# Information shown
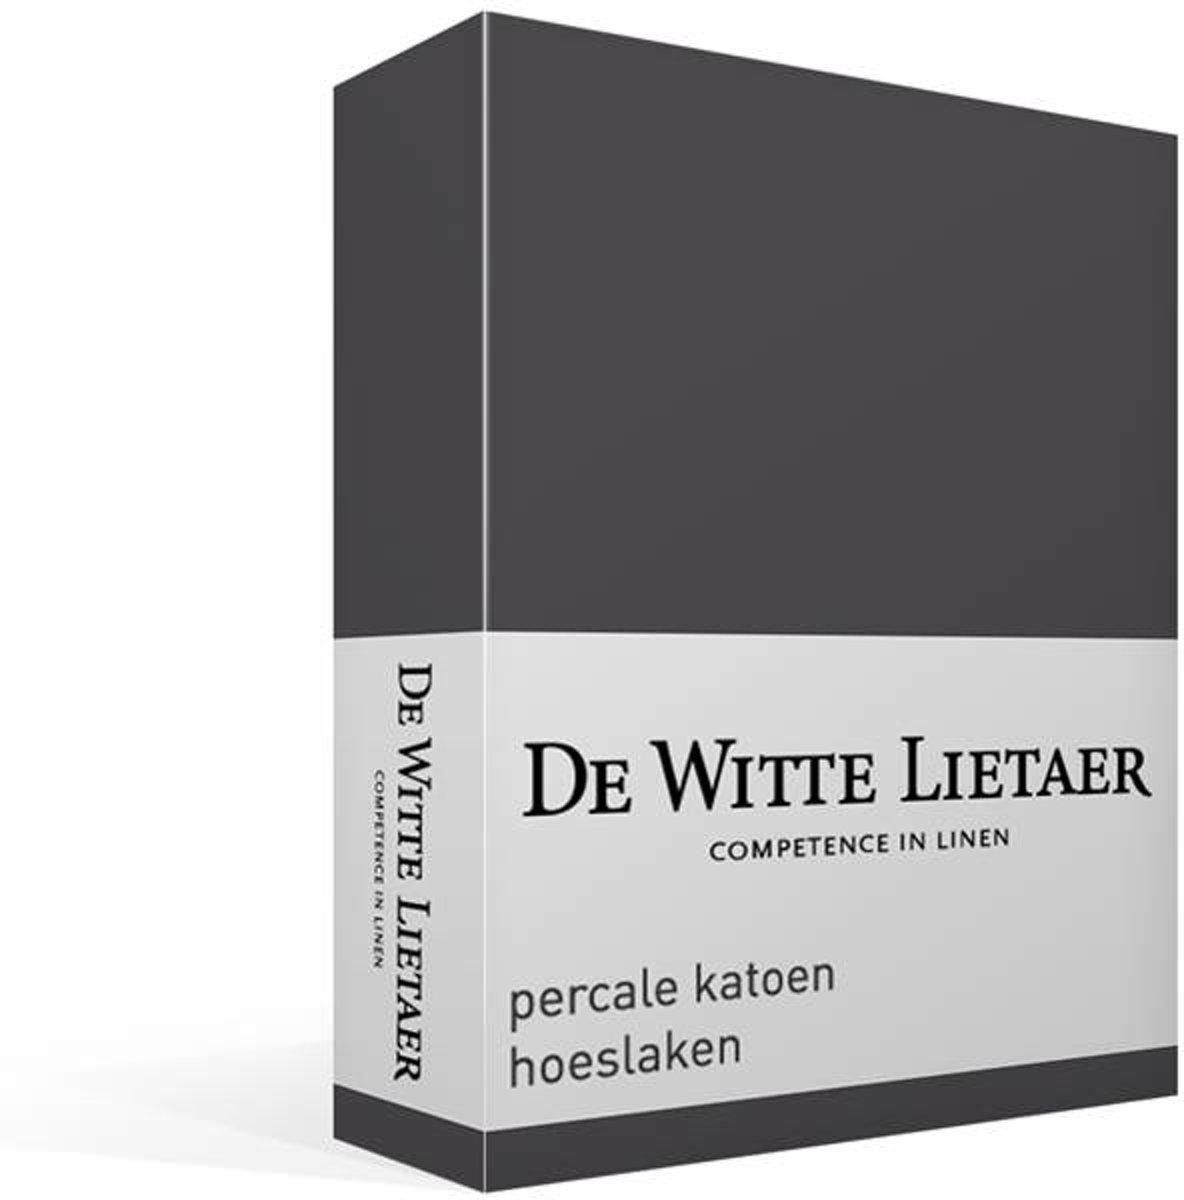 De Witte Lietaer percale katoen hoeslaken - 100% percale katoen - Lits-jumeaux (200x200 cm) - Grijs
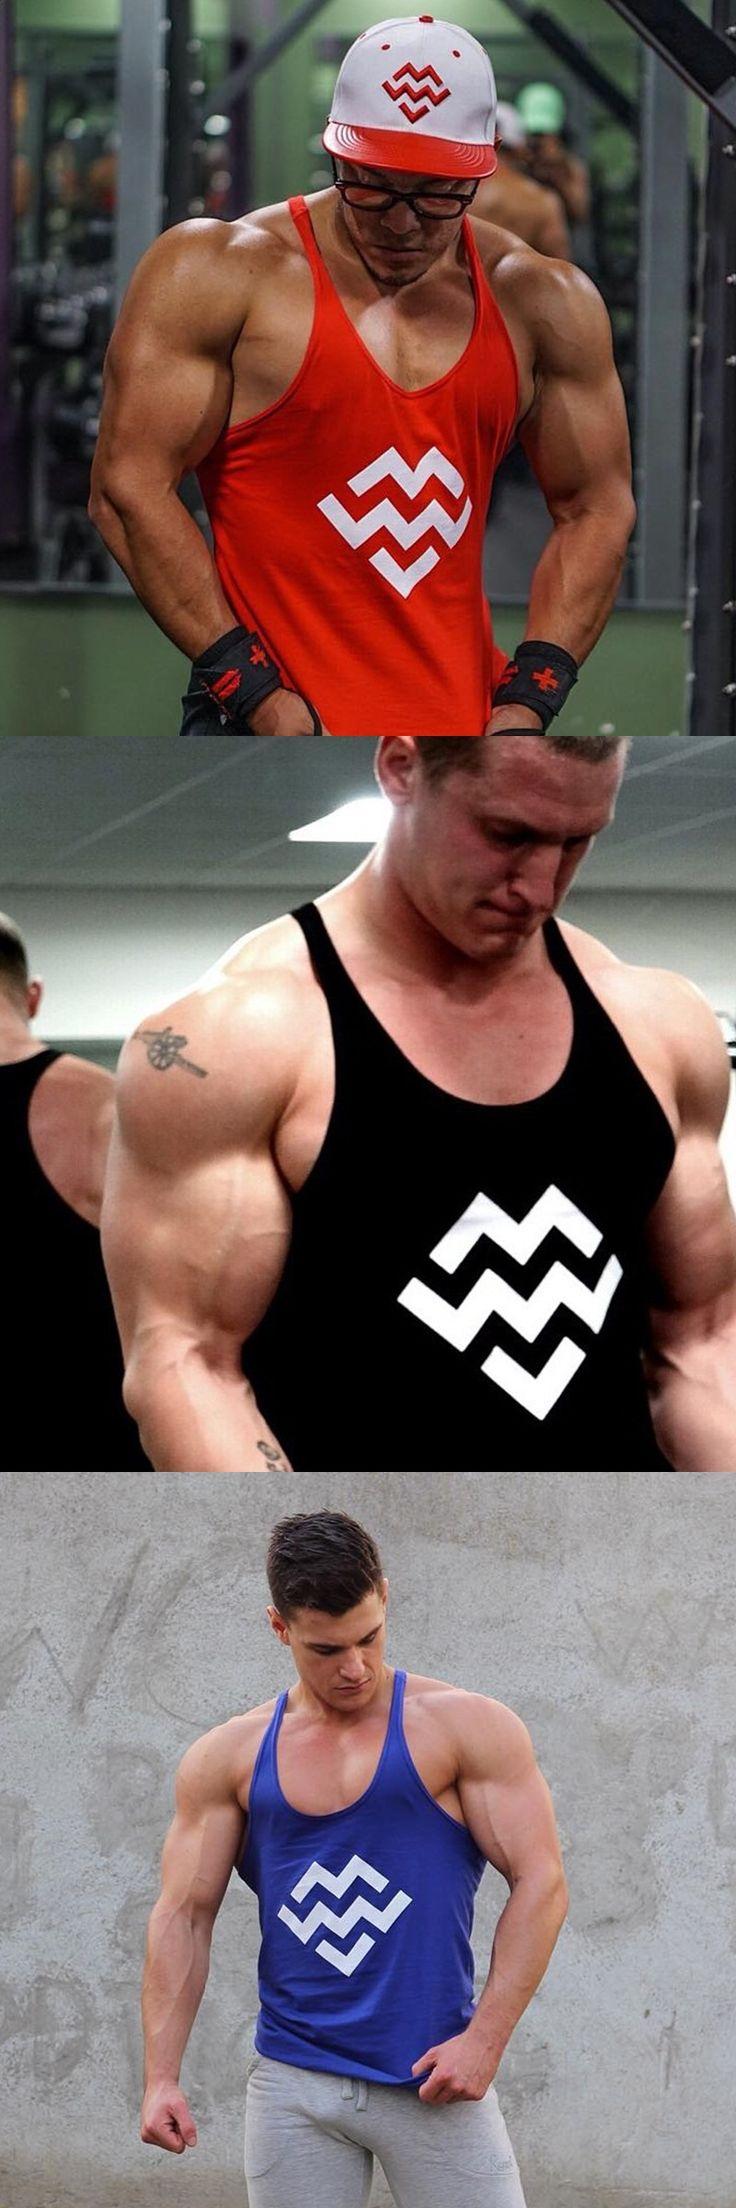 Men Bodybuilding Tank Tops Gyms Muscle Stringer Singlets Fittnes Vest Shirt  Fitness Sleeveless t shirt Hip hop Fashion Vest Top
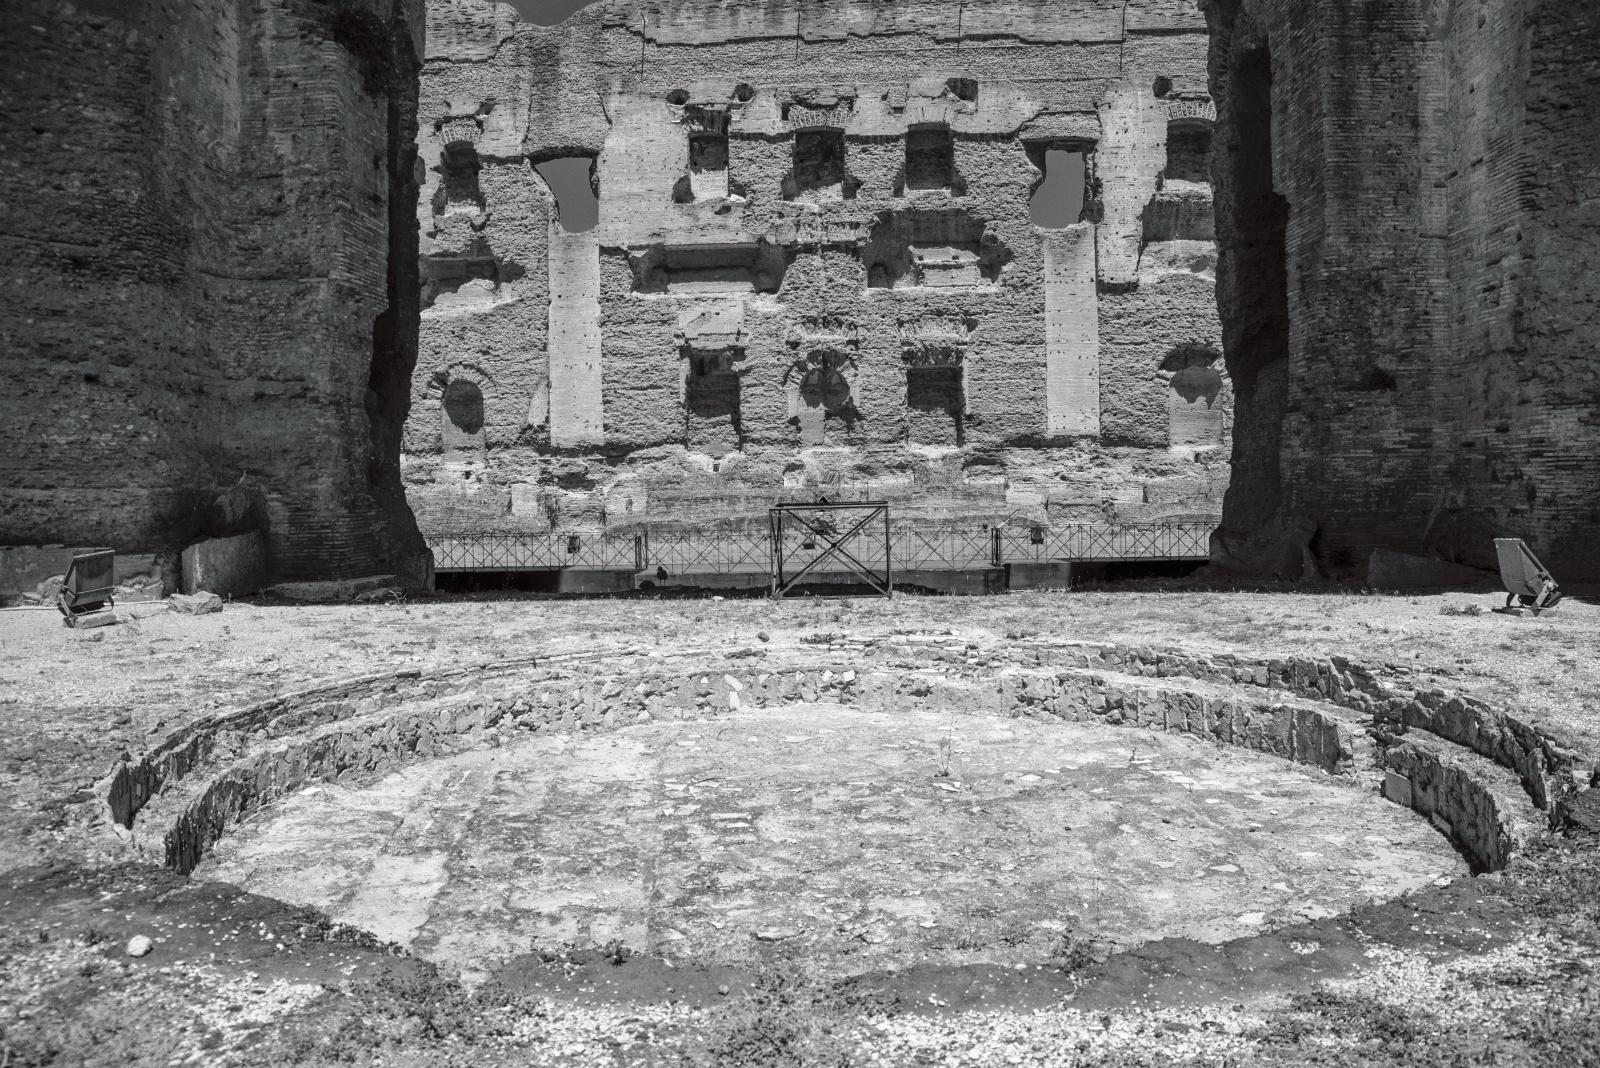 Annalisa Melas - Terme di Caracalla - 2
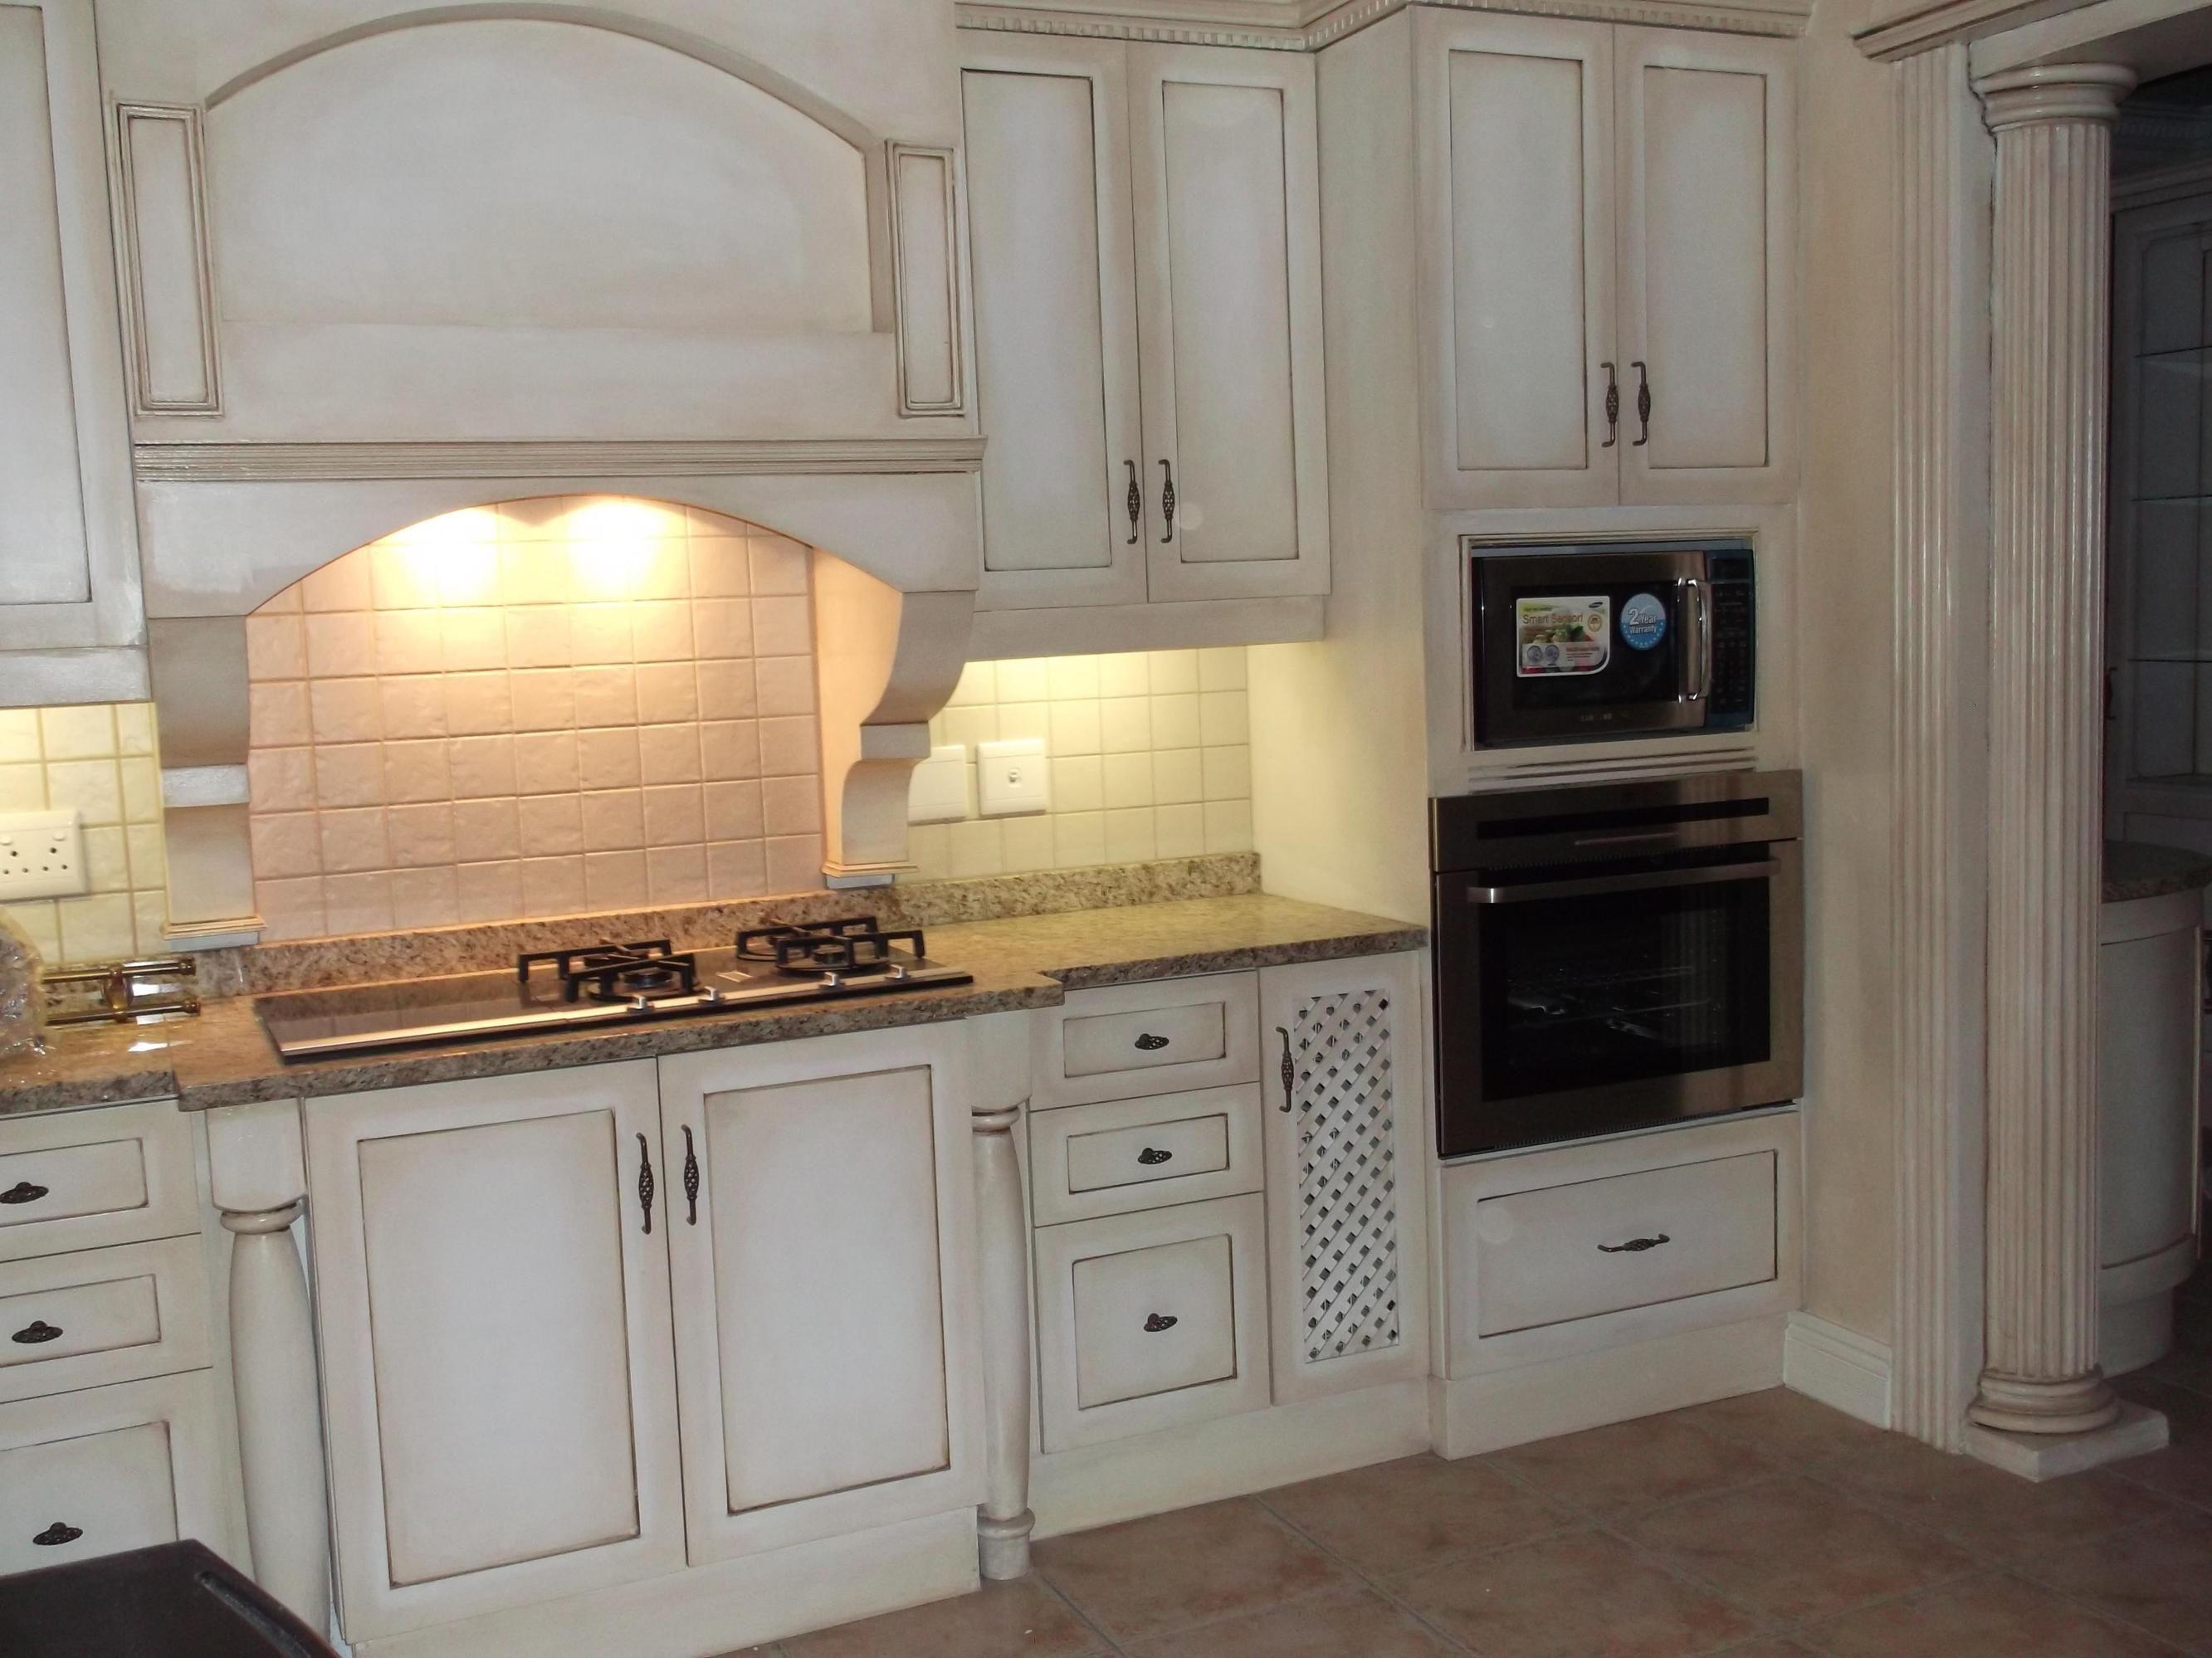 Shabby Chic Kitchen Cabinets Ideas 5

# Task objective
Quote the data exactly, leaving every image out of the copy.

# Response to this task
 De Witte Lietaer percale katoen hoeslaken - 100% percale katoen - Lits-jumeaux (200x200 cm) - Grijs
 Men Bodybuilding Tank Tops Gyms Muscle Stringer Singlets Fittnes Vest Shirt  Fitness Sleeveless t shirt Hip hop Fashion Vest Top
 Annalisa Melas - Terme di Caracalla - 2
 Shabby Chic Kitchen Cabinets Ideas 5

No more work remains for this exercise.